Lazaro Gonzalez asked for asylum for the boy, but his petition was rejected by the U.S. Immigration and Naturalization Service on the grounds that only his surviving parent, his father, could speak for the boy. That ruling was upheld, although the appeals court in Atlanta later ordered that Elian could not be removed from the United States until his May hearing, saying his application for asylum had "arguable merit."

"Not only does it appear that plaintiff might be entitled to apply personally for asylum, it appears that he did so. According to the record, plaintiff although a young child has expressed a wish that he not be returned to Cuba," the court said.

The court rebuked the INS for its handling of the boy's asylum request, saying it appeared the agency never sought to interview Elian "about his own wishes." The court said the "true legal merits" of the case would be determined in May, when it intends to hear oral arguments in the asylum claim.

"We need to think more and hard about this case," the court said, adding that while it recognized the government's authority over immigration matters, it failed to see how an injunction in the case "infringes" upon the government.

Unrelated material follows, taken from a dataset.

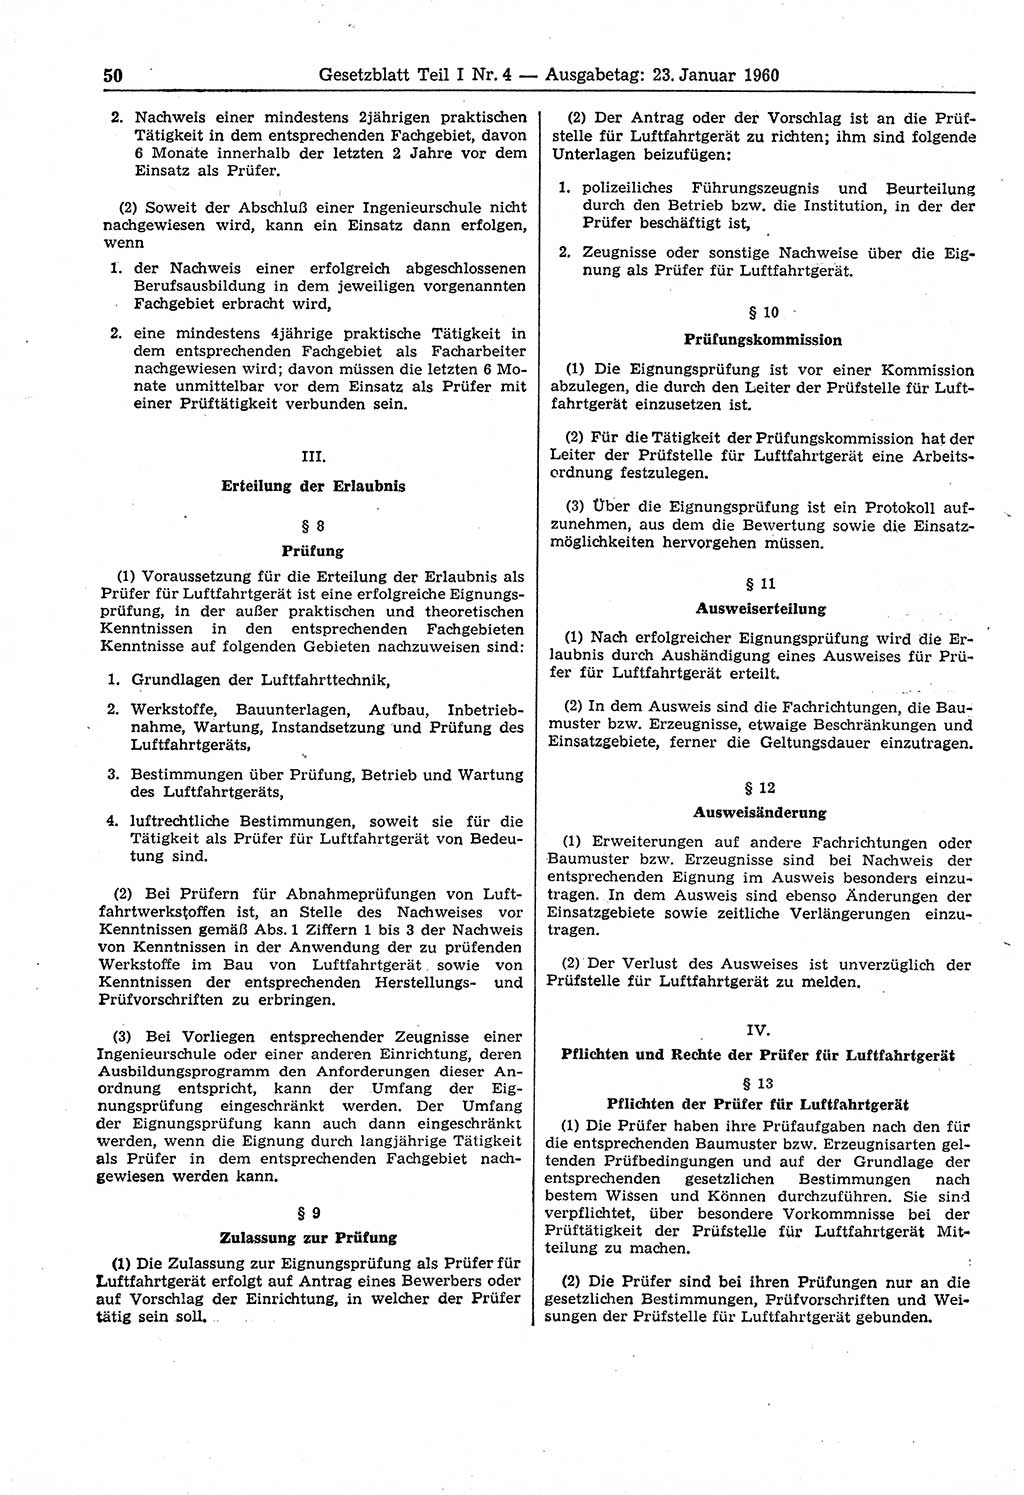 Gesetzblatt (GBl.) der Deutschen Demokratischen Republik (DDR) Teil Ⅰ 1960, Seite 50 (GBl. DDR Ⅰ 1960, S. 50)

The Senate Judiciary Committee said it would hold a hearing Wednesday on the raid, but there was some confusion as to whether Attorney General Janet Reno would be invited to testify.

Committee Chairman Orrin G. Hatch, Utah Republican, told reporters late Wednesday he did not plan to call Miss Reno, but would likely call one of her deputies and officials of the U.S. Immigration and Naturalization Service. But Senate leaders and committee members said Thursday that Mr. Hatch was talking about inviting Miss Reno.

"The attorney general will be asked to appear," Majority Leader Trent Lott, Mississippi Republican, said shortly after discussing the matter with Mr. Hatch during a vote on the Senate floor.

Committee spokeswoman Jeanne Lopatto said Mr. Hatch is still considering the witness list, which will not be complete until late Friday or early next week.

Mr. Hatch told reporters Wednesday he was likely to call Juan Miguel Gonzalez or Mr. Craig. He will not call members of Elian's Miami-based family, although he will call their attorney or representatives.

At her weekly press briefing, Miss Reno again defended the pre-dawn Saturday raid, during which the boy was seized from the Miami home of his relatives, and the government's decision to end negotiations with the relatives.

Miss Reno said that at 4 a.m., the relatives through intermediaries said a government requirement that Elian be taken pending the court hearing to his father in Washington was a "deal-breaker."

"I had the feeling we were in the same position we had been in, with the goalposts changing, and it was at this point, if it were a deal-breaker, we should bring the negotiations to an end," she said, adding that the Miami relatives eventually said the government would have to "use force to take the child."

Miss Reno said that during the raid, several bystanders tried to throw ropes around the house as agents tried to enter and that a couch was pushed up against the door to limit entry into the house. That was why agents used a battering ram to enter the house.

"Clearly, the agents had to be in force … there had to be a show of force, not a use of force, to show that we were in control," she said.

Justice Department officials said their conduct of the Elian Gonzalez case, including the raid, had cost through Monday more than $578,000 since November. The estimate, described as preliminary, does not include the costs of the family's stay at Andrews Air Force Base from Saturday until Tuesday.

The largest amount, about $374,000, went to the U.S. Immigration and Naturalization Service for the cost of training and housing 131 agents who participated in the raid and Elian's government airplane flight to Washington. The U.S. Marshals Service, which provided 20 deputies for the raid and security for Elian's father in Washington and the entire family since Saturday, spent $161,000.

• Sean Scully contributed to this report.